Page 5 - Budget Newsletter 2021
P. 5

The Dividend Allowance

            The dividend allowance also started life in April 2016, originally at a level of £5,000 before it was reduced to the
            current £2,000 which remains unchanged for 2022/23.

            The allowance means that, in 2022/23, the first £2,000 of dividends you receive is not subject to any tax in your hands,
            regardless of your marginal income tax rate. Once the £2,000 allowance is exceeded, there is a tax charge, the rate of
            which will increase by 1.25% for 2022/23 (please see the table below). Like the PSA, the dividend allowance is really a
            nil rate band, so up to £2,000 of dividends do not disappear from your tax calculations, even though they are taxed at
            0%.

                                                  DIVIDEND TAX RATES

                          TAX YEAR            BASIC RATE         HIGHER RATE        ADDITIONAL RATE
                    2021/22                      7.50%              32.50%               38.10%
                    2022/23 ONWARDS              8.75%              33.75%               39.35%


            The pandemic prompted a wide range of companies to reduce or stop paying dividends in 2020. Many companies
            have since restored their dividend payments, albeit some have taken the opportunity to ‘rebase’ (i.e. cut) their pay
            outs. The current historic yield on UK shares is now around 3.2%, which means, in theory, a UK share portfolio worth
            more than about £65,000 could attract additional tax on dividend income, even for a basic rate taxpayer.

            The Starting Rate Band

            The starting rate band for savings income was launched at £5,000 in 2016/17 and at a tax rate of 0%, and will remain
            on that basis for 2022/23. Sadly, most people are not able to take advantage of the starting rate band: if your earnings
            and/or pension income exceed £17,570 in 2022/23, then that probably includes you. However, if you (or your partner)
            do qualify, you will need to ensure you have the right type of investment income to pay 0% tax.




                PLANNING POINT


                If you don’t anticipate using all your personal allowance or PSA in the current tax year, think about creating
                more income by closing deposit accounts before 6 April and crystallising the interest in this tax year. But beware
                of early closure penalties and shutting down accounts with better interest rates than are available now!

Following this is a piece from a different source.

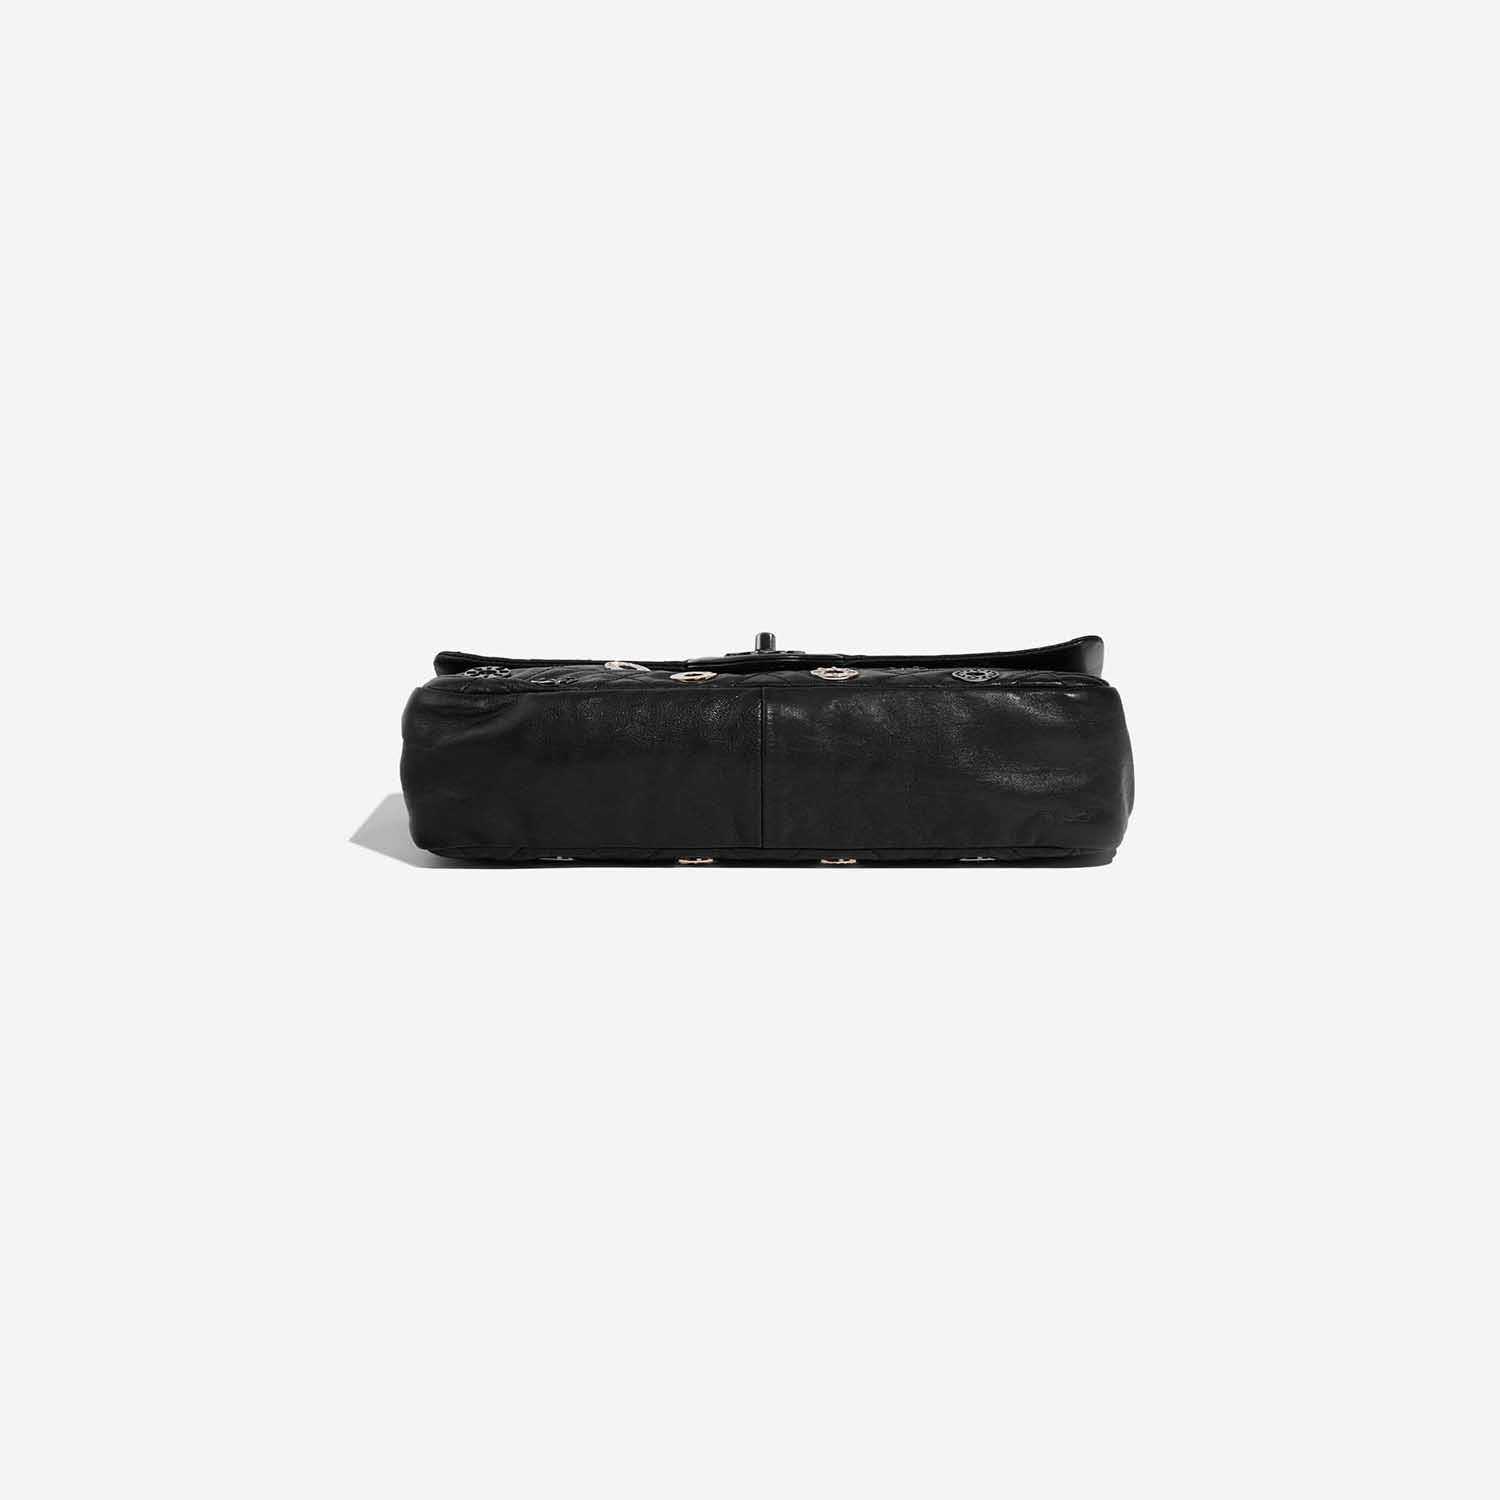 Chanel Timeless Medium Black Bottom | Verkaufen Sie Ihre Designer-Tasche auf Saclab.com

                For 2022/23, consider who should own what in terms of investments and savings. The savings and dividend
                allowances mean it is not simply a question of loading as much as possible on the lower rate taxpayer of a
                couple. In theory, you will each be able to receive an income of up to £20,570 tax free in 2022/23, but only if
                you have the right mix of earnings, savings income and dividends.





            Capital Gains Tax (CGT)

            CGT was a tax which attracted the Chancellor’s attention last year when he asked the Office of Tax Simplification (OTS)
            to review the operation of the tax. The OTS’s first report was published in November, but the Chancellor made no
            mention of it in his March 2021 Budget, deciding only to freeze the annual exempt amount at £12,300 until the end of
            the 2025/26 tax year. A second report emerged from the OTS in May, dealing with technical issues. However, the
            Chancellor chose not to announce any significant changes to CGT, suggesting that reform may now be off the agenda.